Drought claims lake
Local landowner can't see how Exelon could sustain dry times

By Tara Bozick
Victoria Advocate
August 10, 2008

Thousands of dead, scaly bodies line the water's edge.

Fins stick up in the air as catfish lay lifeless on their sides. Hundreds of buzzards circle overhead. The dry, cracked bed of grayish brown earth around Linn Lake shows the 20 to 30 feet where the water once stood.

"Look at the fish all the way around there," John L. Gibbs said. "Sad, sad, sad," the 73-year-old from Wood Hi continued, shaking his head.

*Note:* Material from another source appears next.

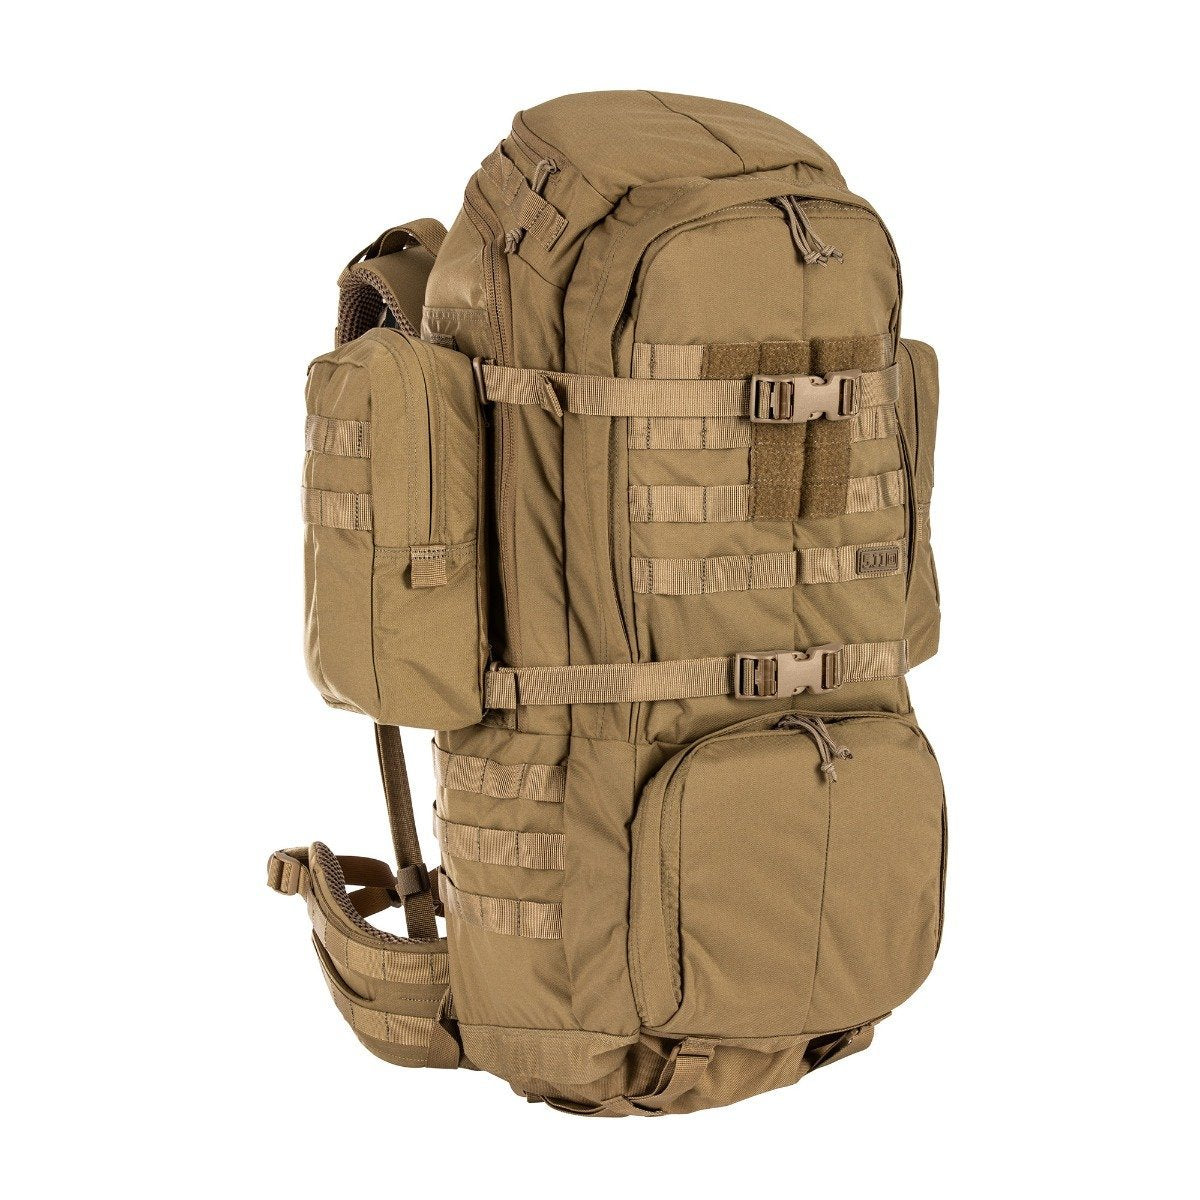 5.11 Tactical Rush 100 60L Backpack Kangaroo Bags, Packs and Cases 5.11 Tactical Tactical Gear Supplier Tactical Distributors Australia
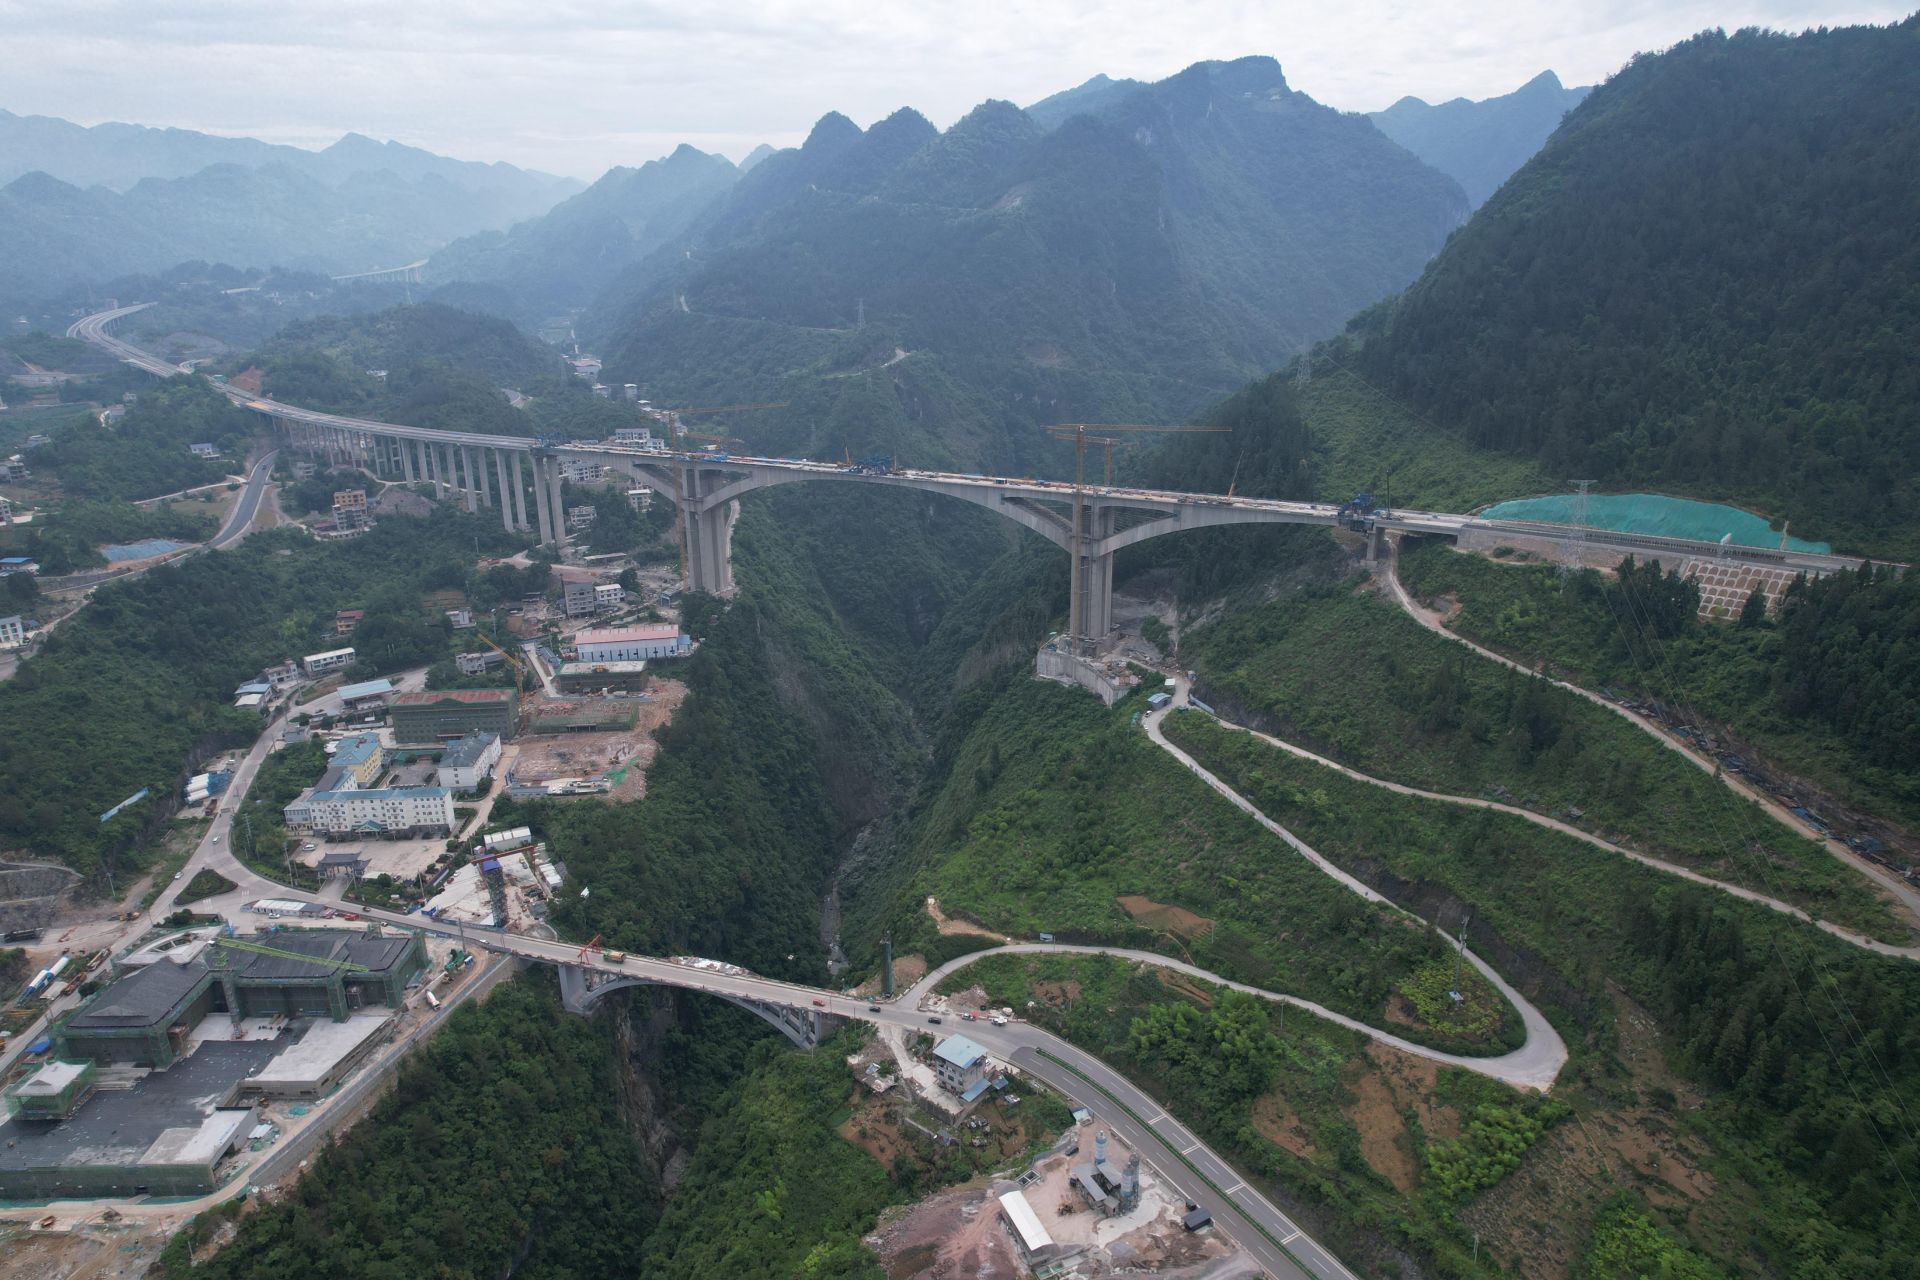 云南庄特大桥主桥位于恩施州鹤峰县庙湾村五虎亭附近,桥址区属构造

Gibbs can't see how the proposed Exelon nuclear plant on land near his, about 12 miles south of Victoria, can sustain the dry times.

"This is what happens when you run out of water," he said. "It makes you wonder, is it going to get to the bays and estuaries?"

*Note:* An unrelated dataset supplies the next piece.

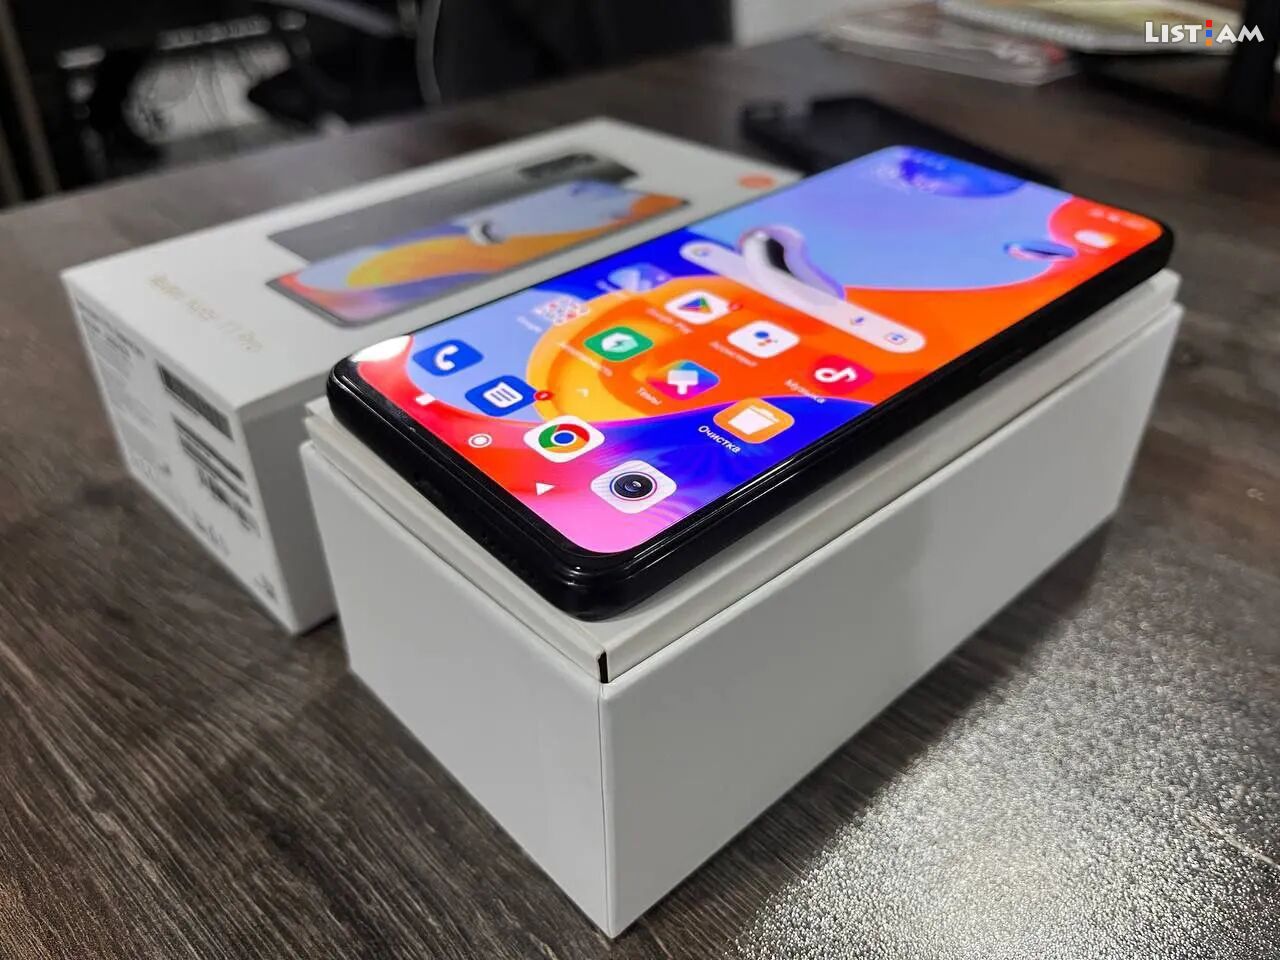 Xiaomi Redmi Note 11
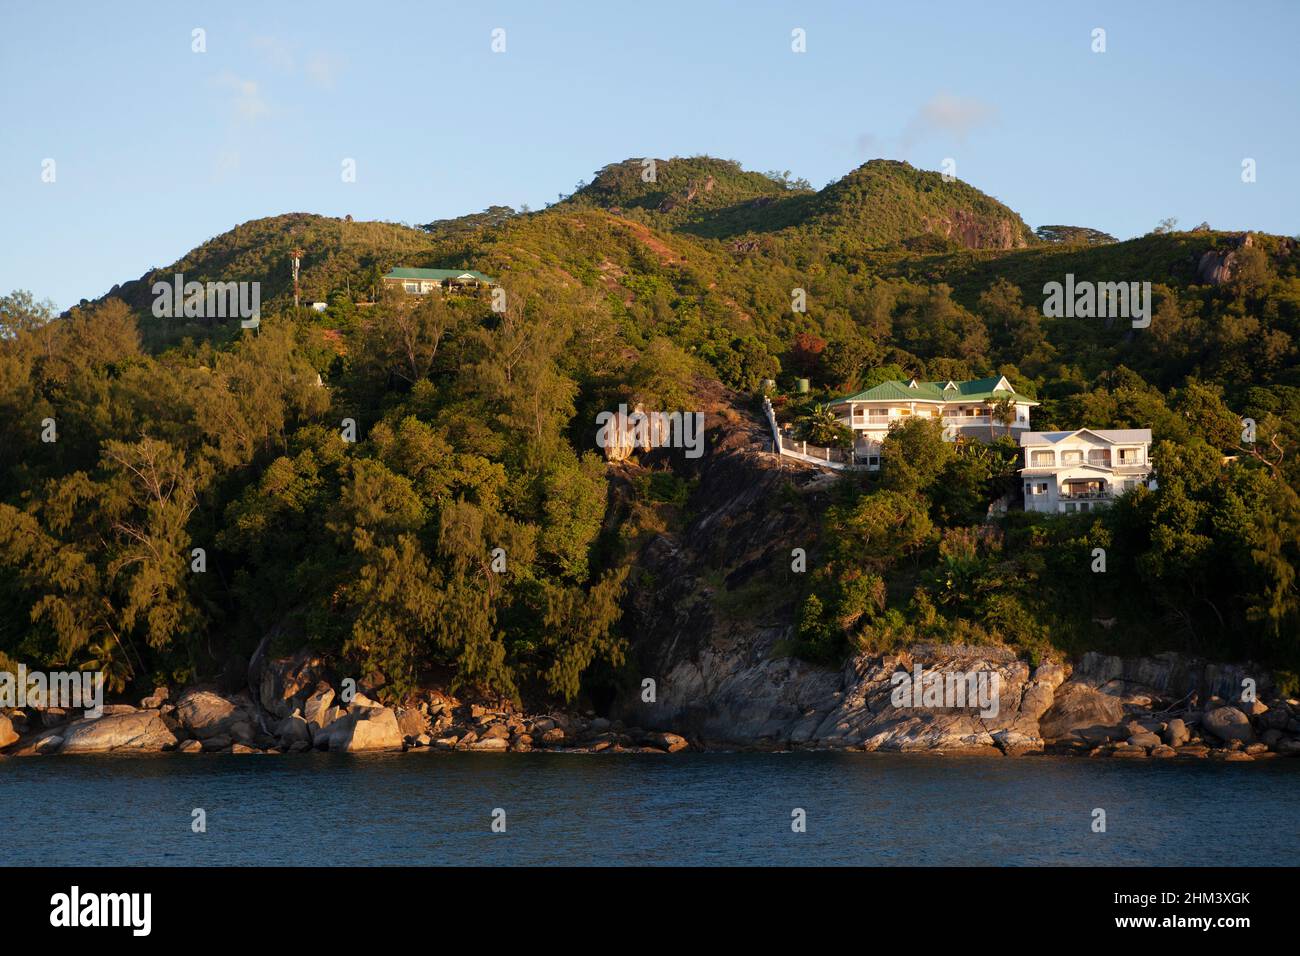 Luxuriöse Häuser am Meer an der Küste von Mahé Island, der Hauptinsel der Seychellen. Stockfoto

Exelon's operations could withstand a drought of two years because of the 6,000-acre lake it would build for cooling and storage, community outreach manager Bill Harris said. The company contracted 75,000 acre-feet per year with the Guadalupe-Blanco River Authority, but would only use about 50,000 acre-feet per year.

About 20,000 acre-feet per year would still get downstream, Harris said.

Victoria is in the extreme drought category right now, said meteorologist Roger Gass with the National Weather Service in Corpus Christi. The area is 10.19 inches below the normal for the year, seeing only a hundredth of an inch of rain so far in August.

July saw 2.21 inches of rain, which almost reaches the month's average of 2.9 inches.

Gibbs bought the land around the lake, about four miles east of U.S. Highway 77 in southern Victoria County, 18 years ago. He and his family leased it since 1970, where they would hunt and fish.

The lake normally covers 200 acres, but the lack of rain and low river flows cut off access from the Guadalupe River into the bayou that feeds the lake through its southern tip, Gibbs said.

His son John D. Gibbs, a 53-year-old from Mission Valley, came to see the severity of the situation on Thursday. As he walked onto the lake bottom, which normally holds a foot and a half of water, the wind shifted and an overbearing stench of decaying fish went up their noses.

"This is rotten. It's really nasty," the younger Gibbs said. "Kinda sad, ain't it?"

The son remembered the beauty of the sunsets on the lake. Now he sees fish still struggling to stay alive in the water. The catfish come to the surface for oxygen, he said, as the water is now too warm and shallow.

As fishermen, their hearts ache to see 30- to 40-pound catfish dead on the shore.

The elder Gibbs told everyone fishing in Linn Lake to send those kind of breeders back to keep the population healthy.

"The land is either too wet or too dry," the younger Gibbs said, adding that it either floods over the hills or looks like this.